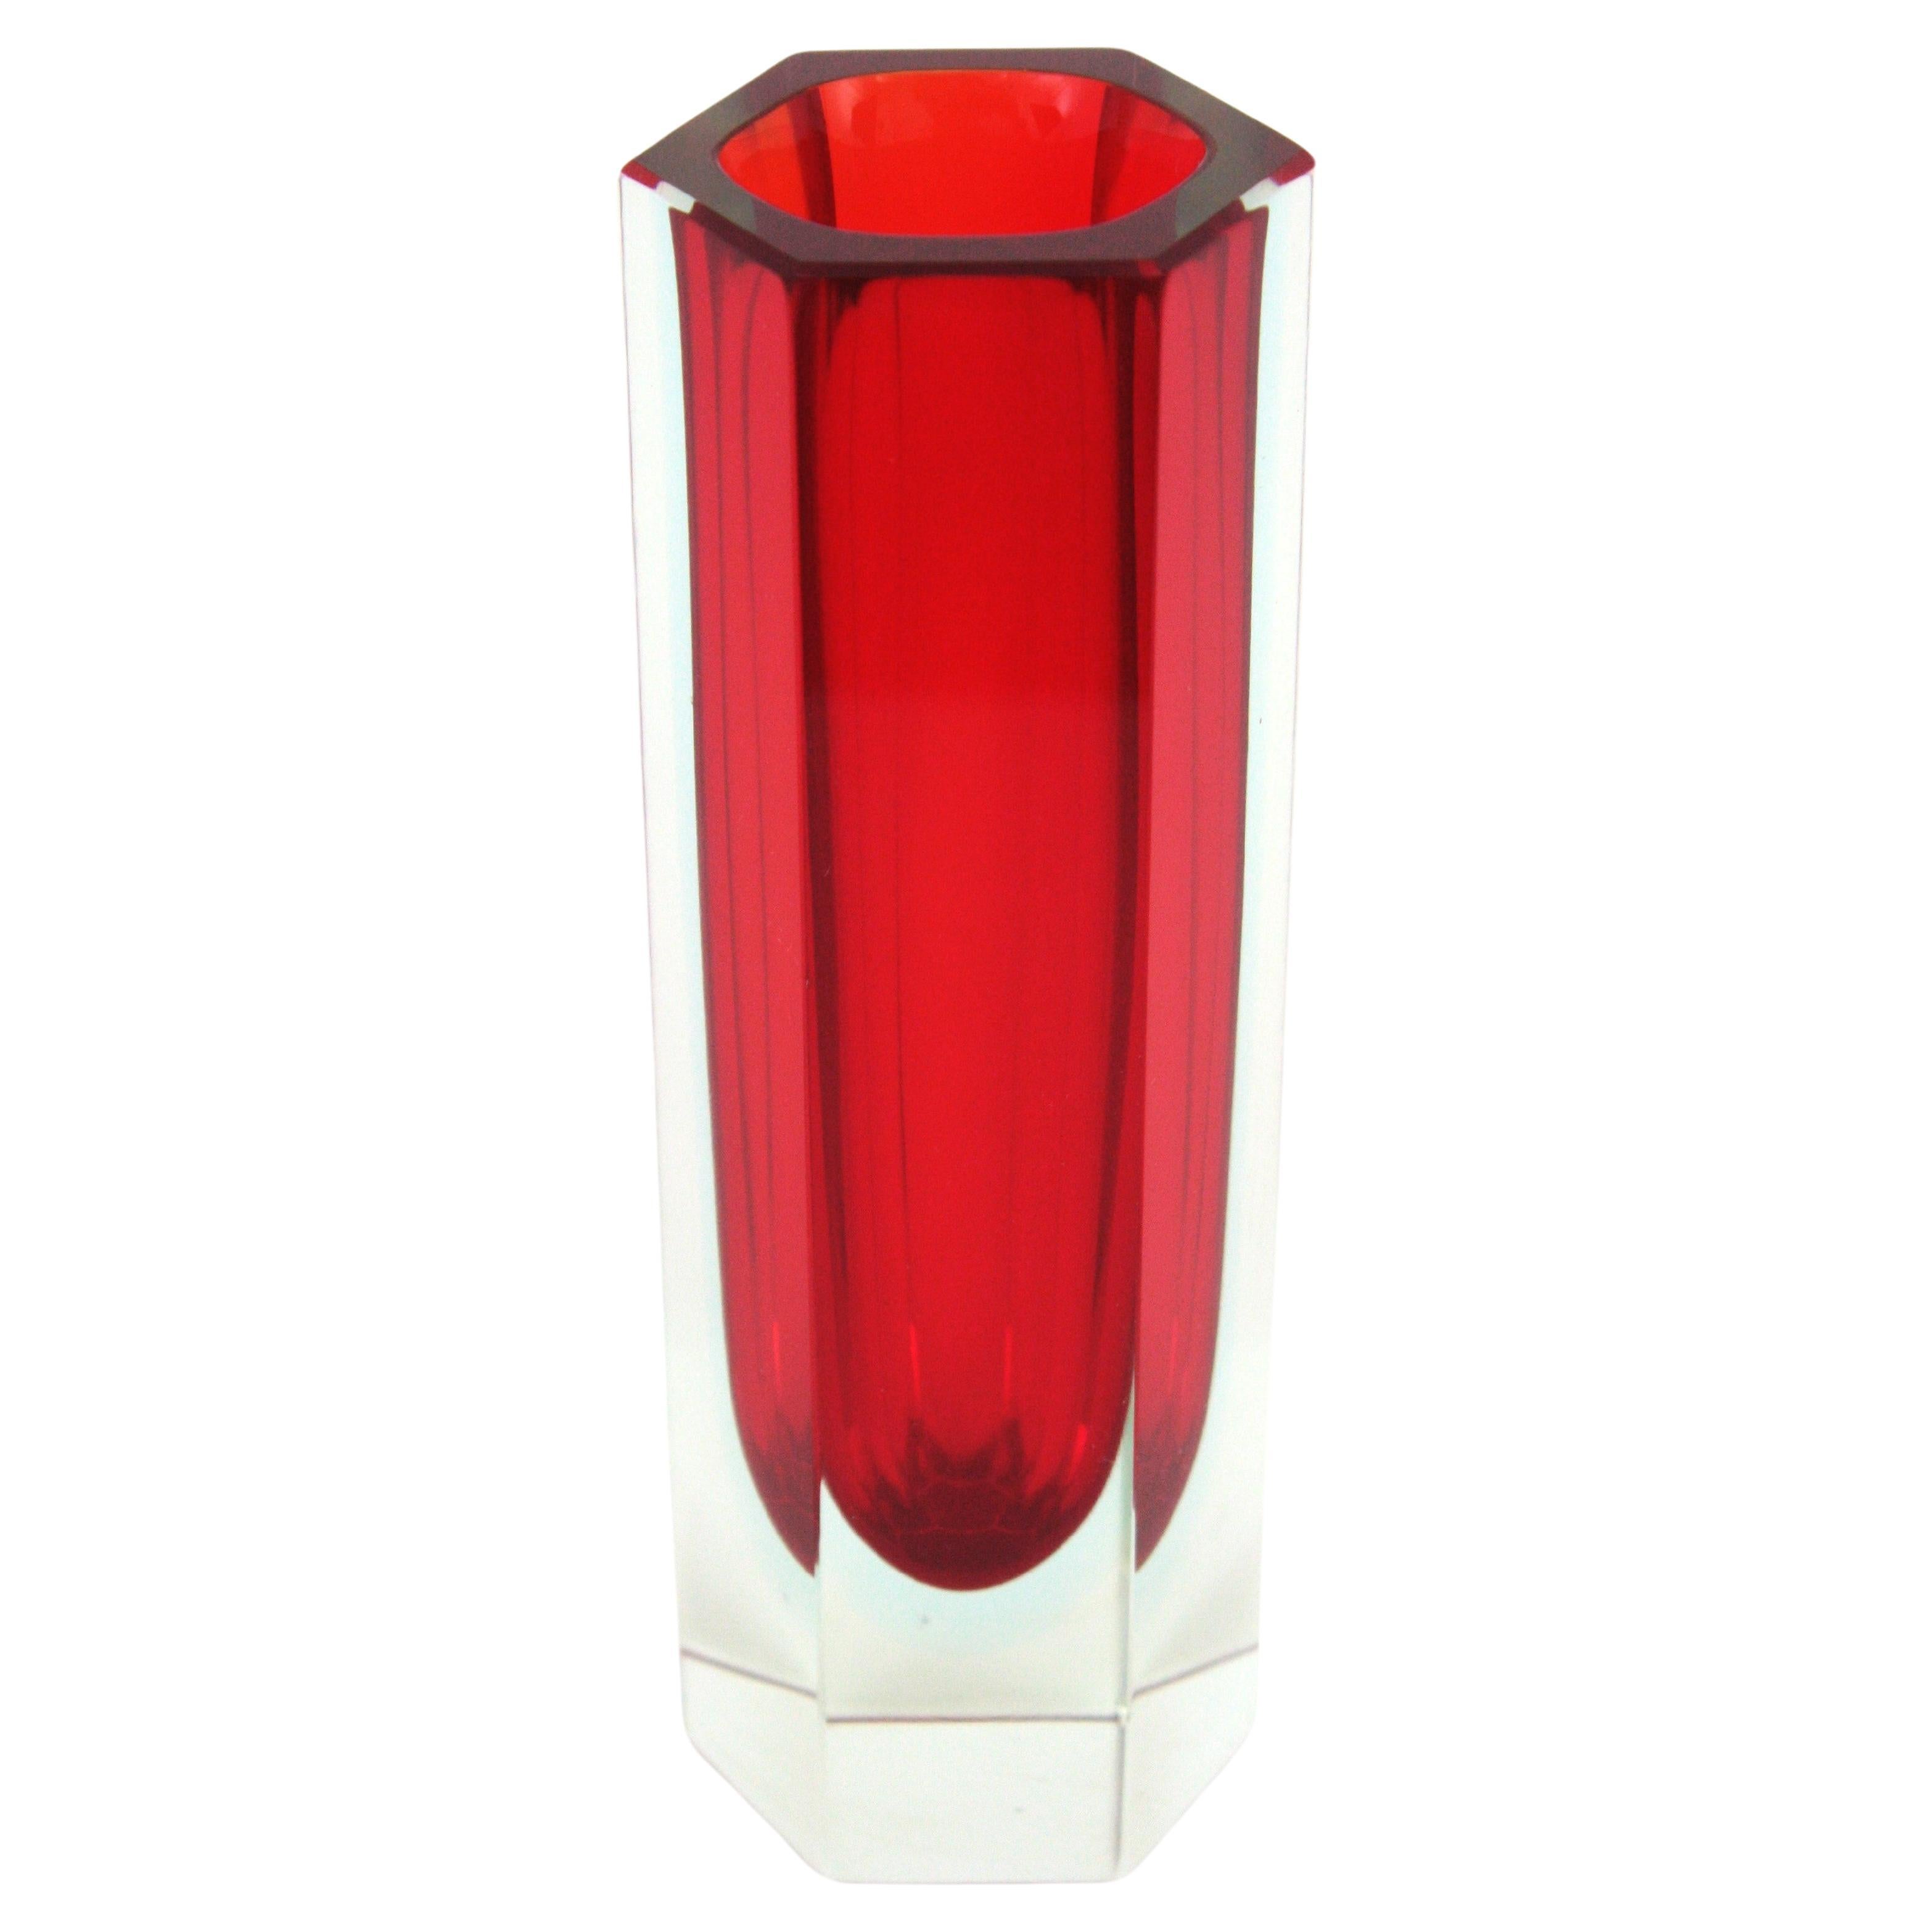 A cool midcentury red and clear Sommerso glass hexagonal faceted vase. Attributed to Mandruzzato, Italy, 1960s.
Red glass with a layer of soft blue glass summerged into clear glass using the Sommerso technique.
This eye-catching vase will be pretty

---*---

All of the data gets printed again exactly; the pictures do not.

**EXERCISE ANSWER:**
 A cool midcentury red and clear Sommerso glass hexagonal faceted vase. Attributed to Mandruzzato, Italy, 1960s.
Red glass with a layer of soft blue glass summerged into clear glass using the Sommerso technique.
This eye-catching vase will be pretty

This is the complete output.